*EXERCISE:*
Restate every line below word for word, but drop each picture.

*AVAILABLE DATA:*
^^^^

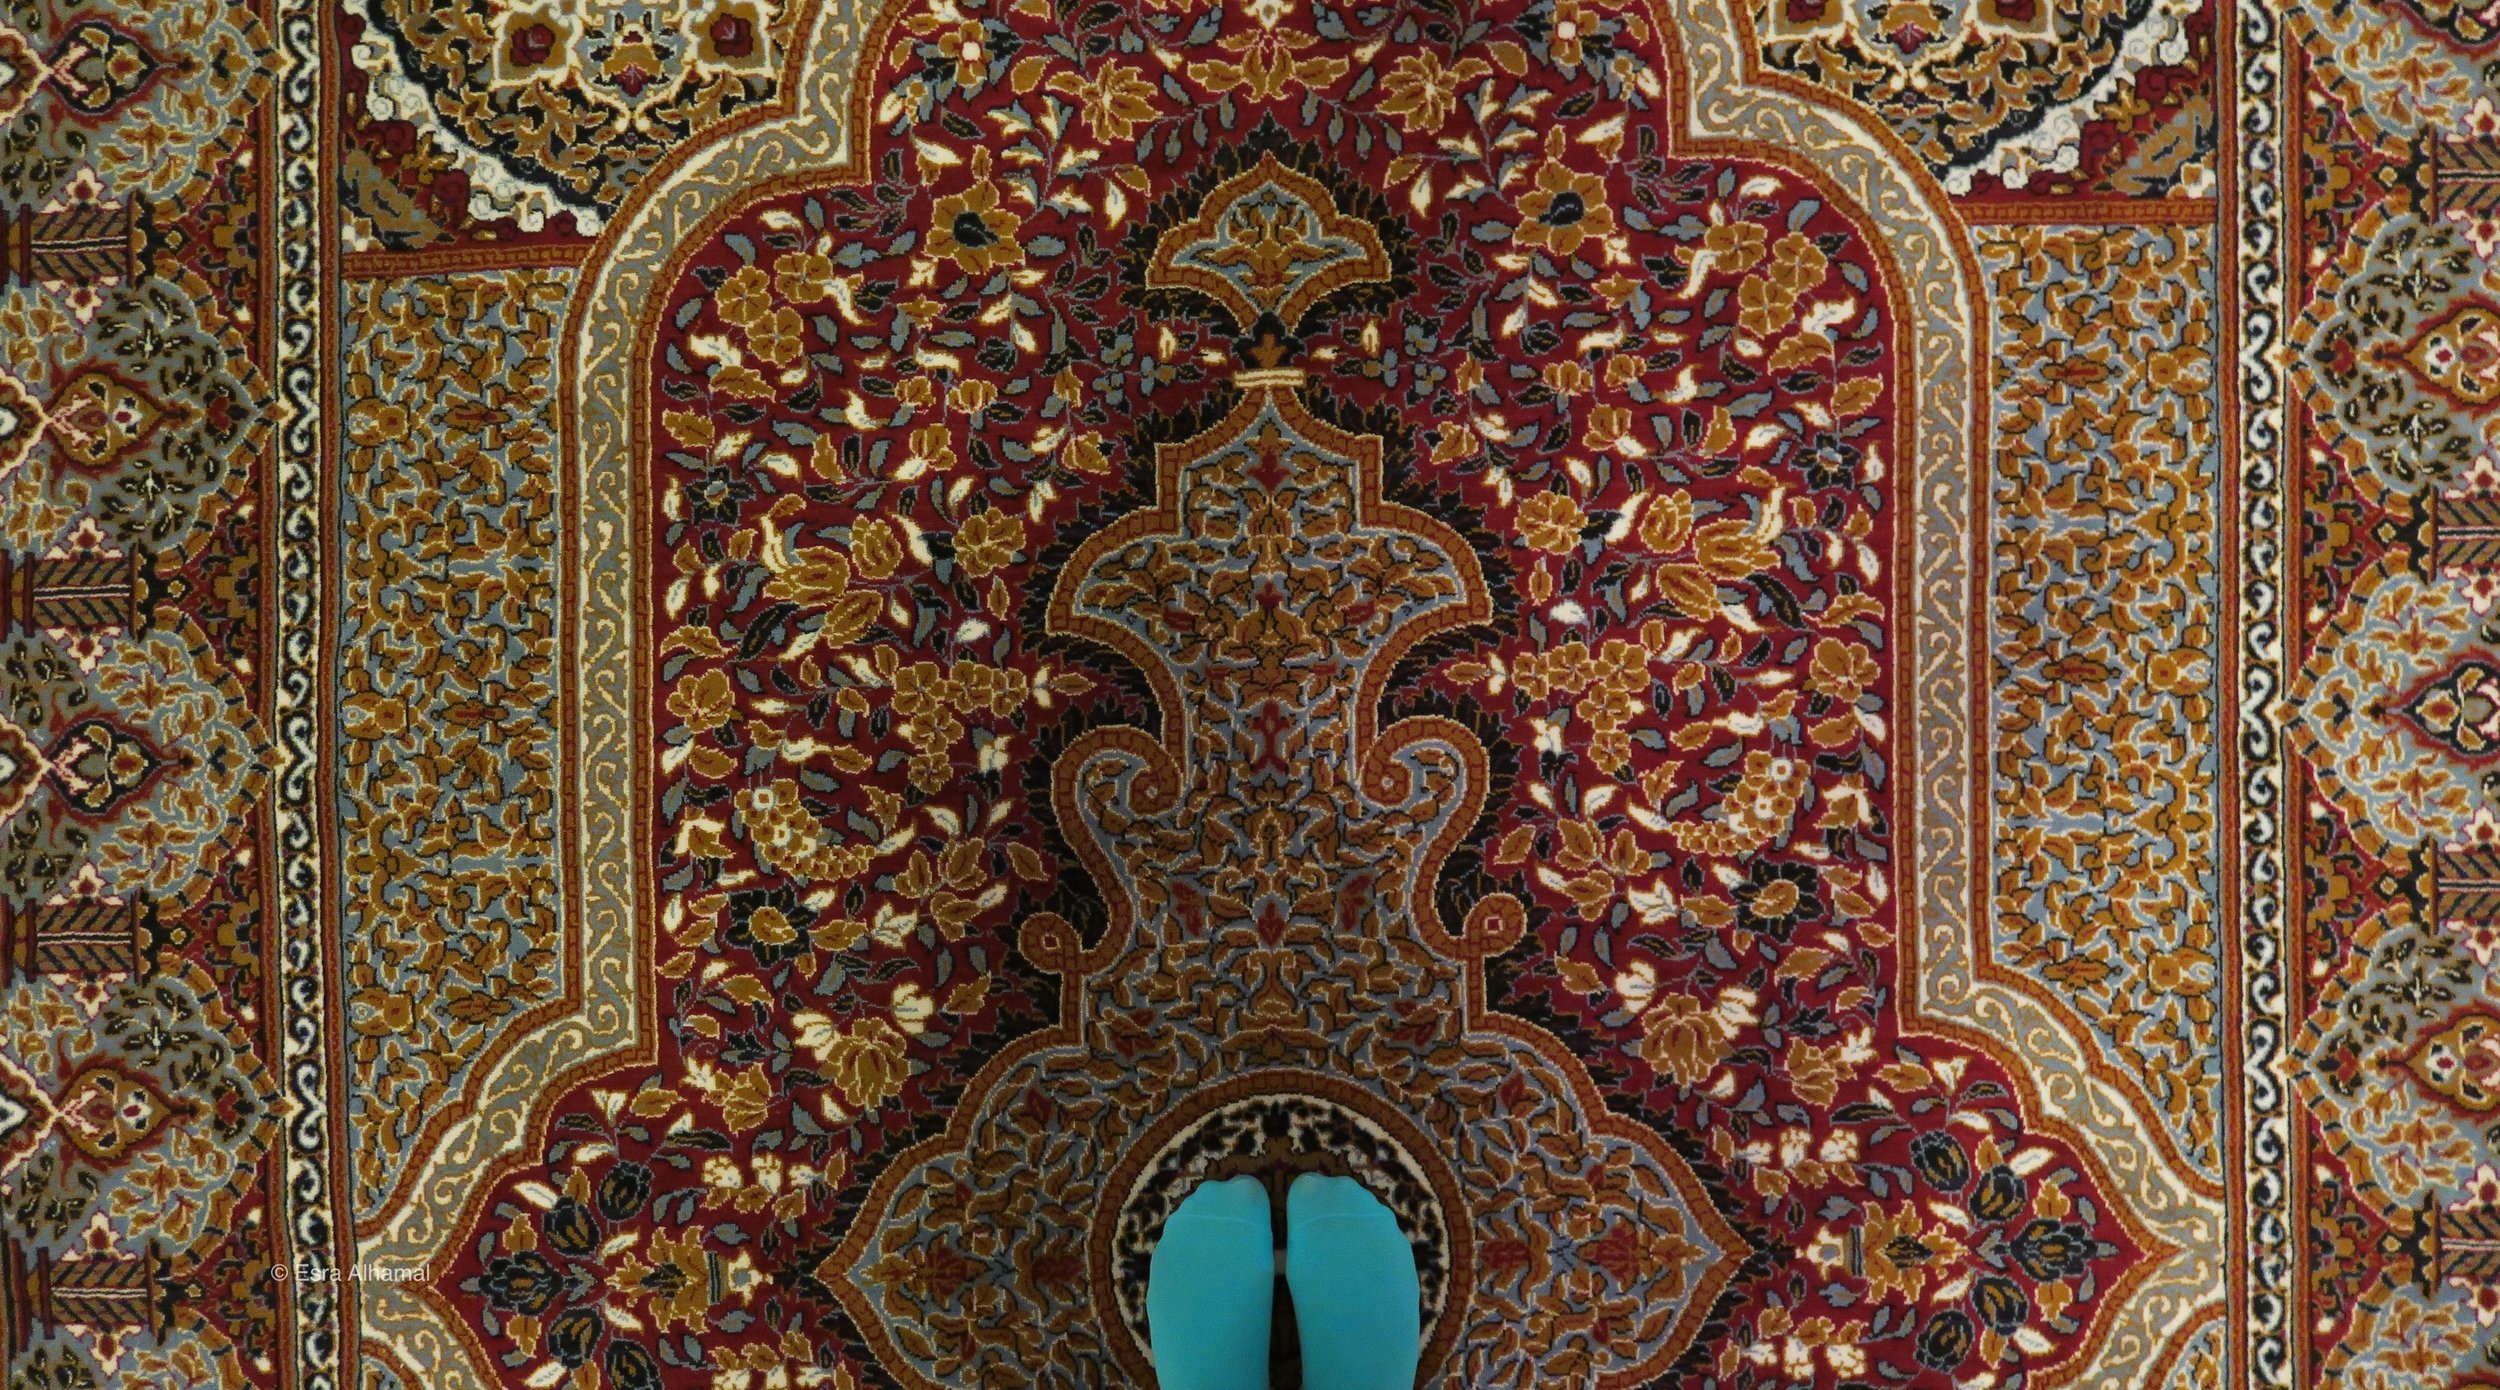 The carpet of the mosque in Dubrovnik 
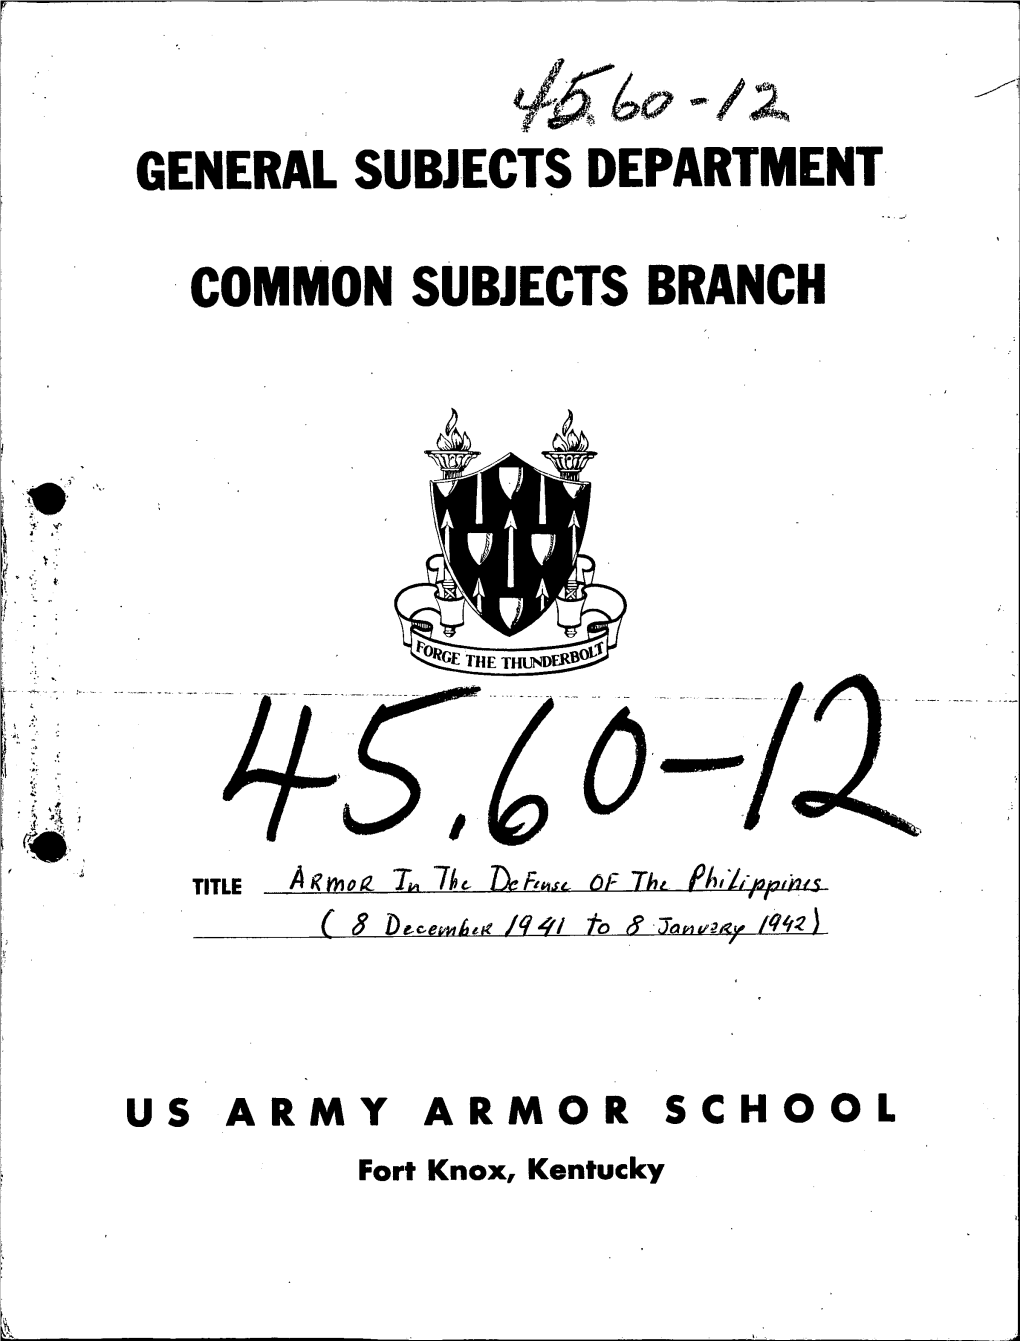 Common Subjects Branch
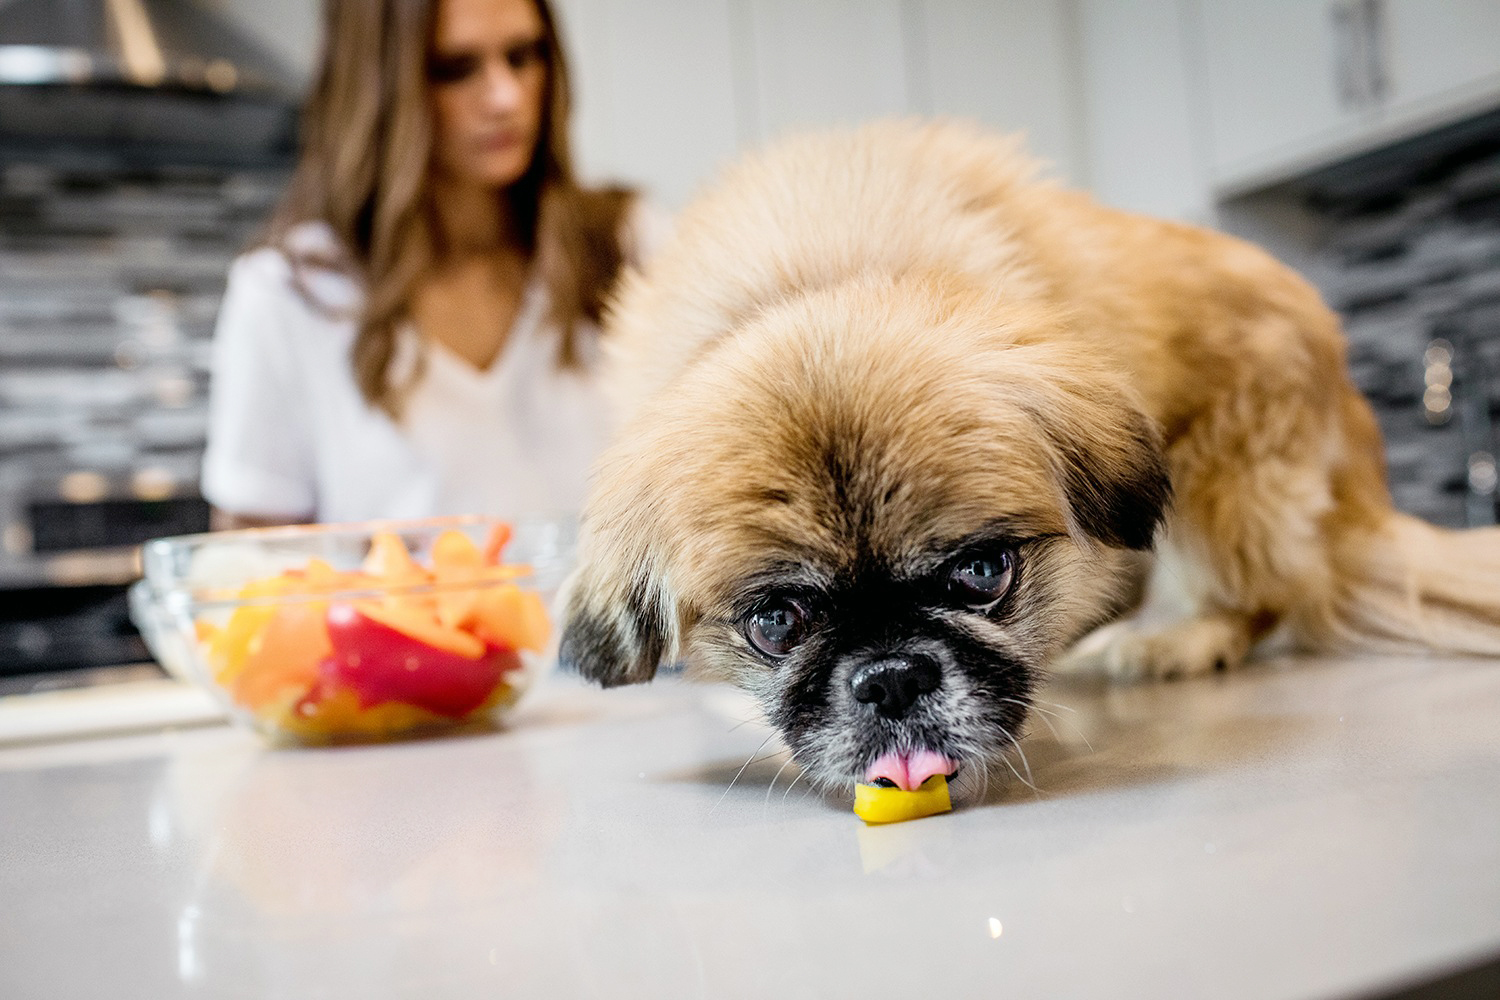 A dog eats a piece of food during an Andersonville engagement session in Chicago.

^^^^

*EXPECTED OUTPUT:*
 The carpet of the mosque in Dubrovnik 
 Common Subjects Branch
 A dog eats a piece of food during an Andersonville engagement session in Chicago.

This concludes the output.